Satisfied that they were leaving the pony in good hands the two went up on deck again. Before long the last lighter was relieved of its freight and soon the vessel was plowing through the blue waters leaving adobe houses and waving palmettos behind them. Joanne watched the little port fade from sight in a flare of sunset light, and then gave her attention to her fellow passengers whom she had scarcely noted before.
Her grandfather, a retired surgeon of the navy, her grandmother, a dainty little body, with Joanne, their only grandchild, had been spending the winter in the West Indies where they had gone mainly for Joanne’s health. She was a frail child from the first. Her father had died in the Philippines, her mother, none too robust, soon followed him, and the little girl was taken in charge by her grandparents who doted on her, but were perhaps a little over anxious and over particular, so that she was never allowed to rough it and knew little of the outdoor sports which most girls enjoy. She had studied at home with a governess, losing much time because of real or fancied illness, yet she had picked up much information from a grandfather who had travelled all over the world and knew many things not taught in books. By reading much Joanne had gained more knowledge, so she was by no means an ignorant young person in spite of having studied few school books.
Restless child that she was she paid many visits to the little pony between the time the vessel left her port and the following morning, sometimes alone, sometimes in her grandfather’s company. Between whiles she took careful survey of her fellow passengers hoping to see some one her own age of whom she could make a companion, but all appeared to be much younger or much older. The nearest approach to an acquaintance was begun with a lad a little older who smiled genially at her when she paced along the deck with her grandfather or rushed impetuously by herself as she tried to see how many circuits she could make within a given time.
This boy was sitting by a lady whom Joanne had noticed from the first. She, too, had smiled at the little girl who had smiled back. “I like that lady,” she told herself. “She is so handsome and has such kind eyes and such a lovely smile. I’d like to find out who she is. I suppose the boy is her son. I like him, too; he has the same kind of smile. He looks rather serious when the smile flashes out like the sun from under a cloud. I’d like to tell him about the pony.”
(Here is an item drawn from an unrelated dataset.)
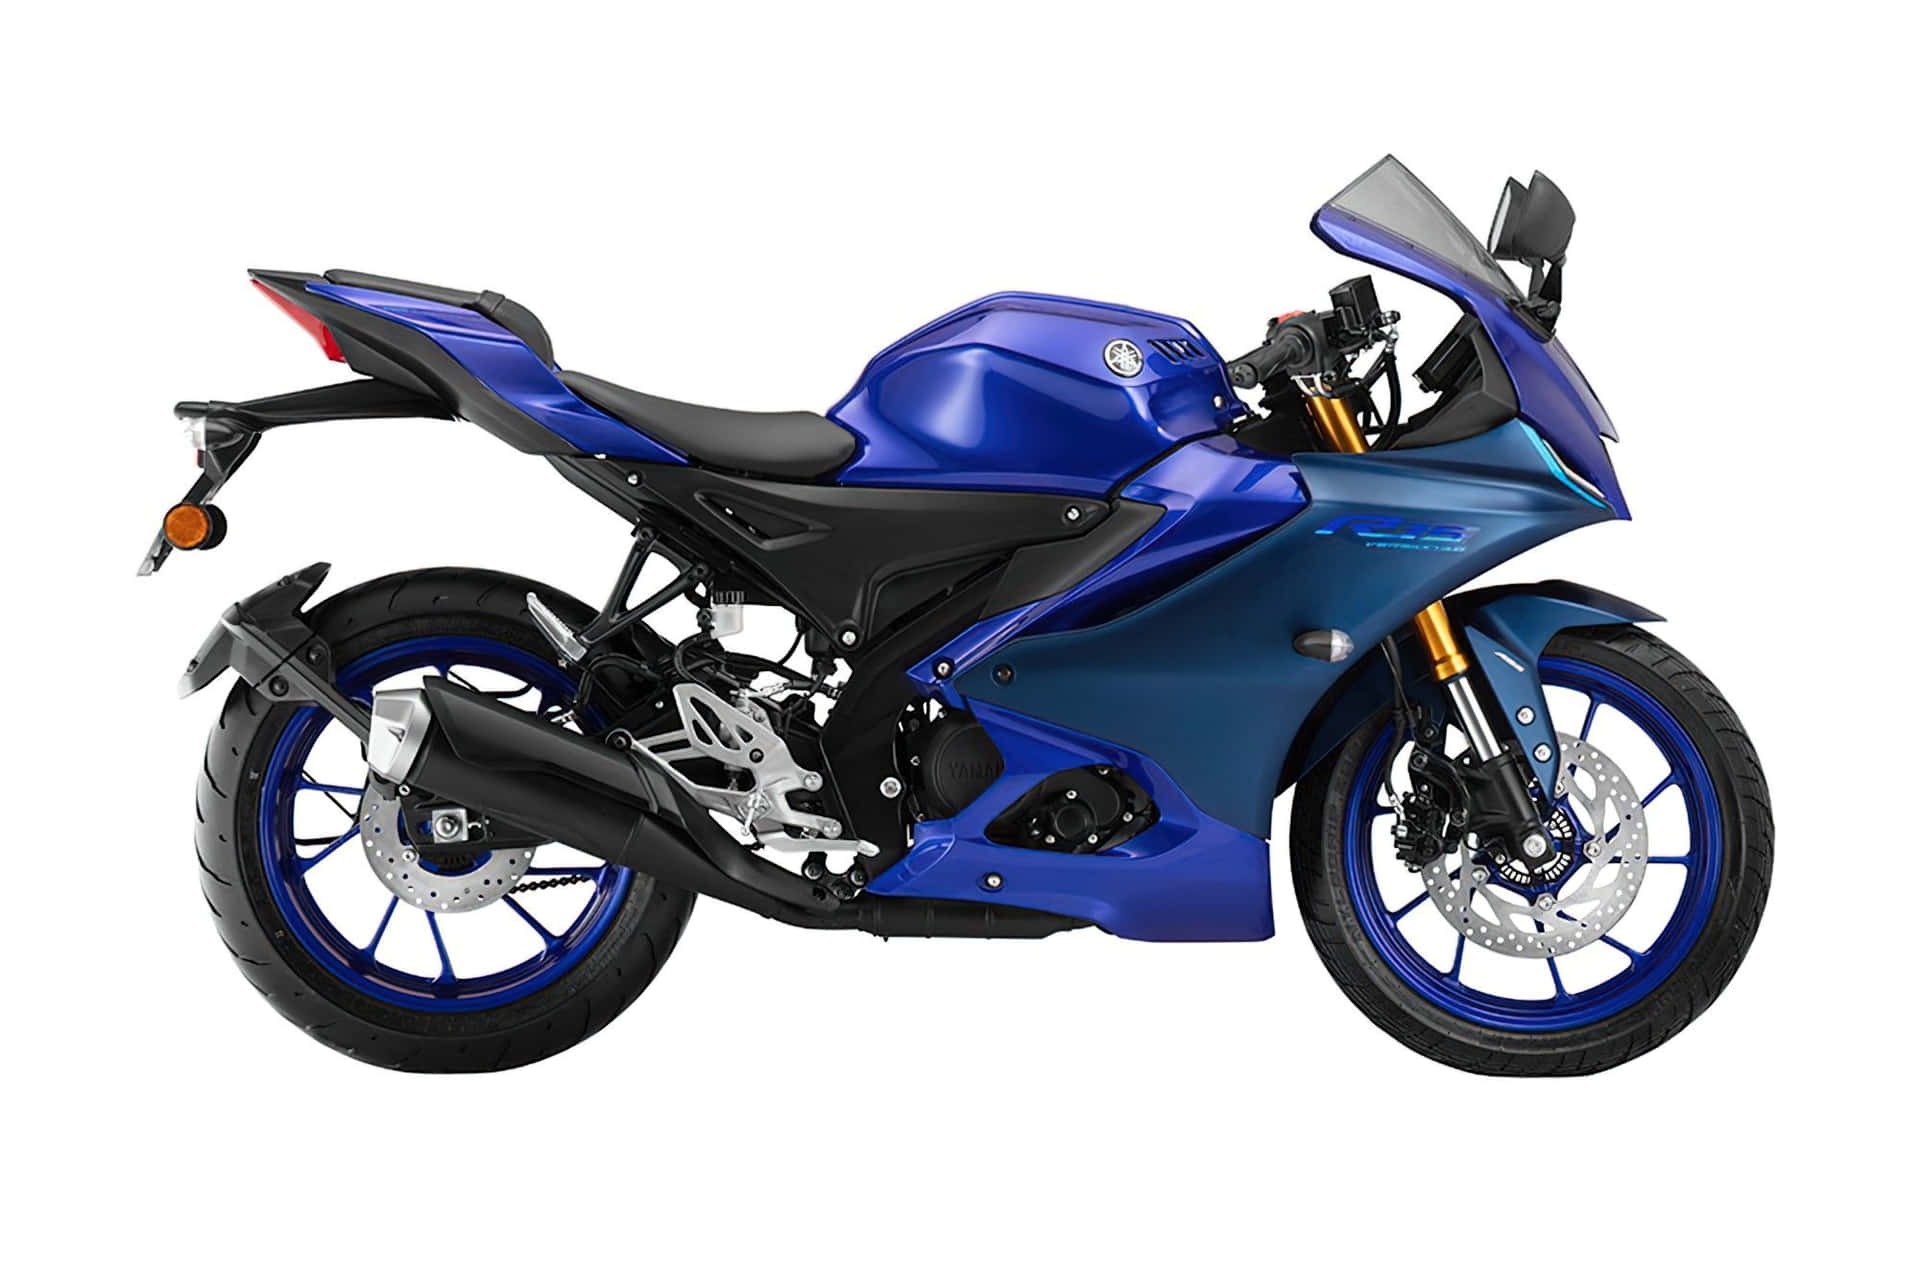 A Blue Motorcycle Is Shown Against A White Background

But if the arrival of the pony was an exciting incident of the voyage a still greater one occurred the next morning when one of the ship’s officers came to where Joanne was with her grandparents, sitting still for a wonder.
“Dr. Selden?” said the officer.
“I’m the man,” responded Dr. Selden.
“Would you be good enough to come below, sir?”
Up jumped Joanne. “Oh, there’s nothing wrong with the pony, is there?” she cried. “He was all right just after breakfast. I gave him a lump of sugar. I hope it didn’t disagree with him.”
The officer’s grave face relaxed into a smile. “Well, no, I can’t say there is anything wrong with the pony;” he emphasized the last word.
“I’ll come,” said Dr. Selden getting up.
“Oh, please, Grad, I’m coming, too,” declared Joanne.
Her grandfather looked inquiringly at the officer.
“That is as you say, sir,” the man answered the look by saying.
The two men started off, Joanne following close at their heels. She was sure in spite of what the officer said that there was something afoot which concerned the pony even though there might be nothing the matter with his health.
The officer led the way to the captain’s room where, with eyes half frightened, half defiant, stood a begrimed, frowsy, half-clad little lad, mumbling out replies to the captain’s questions.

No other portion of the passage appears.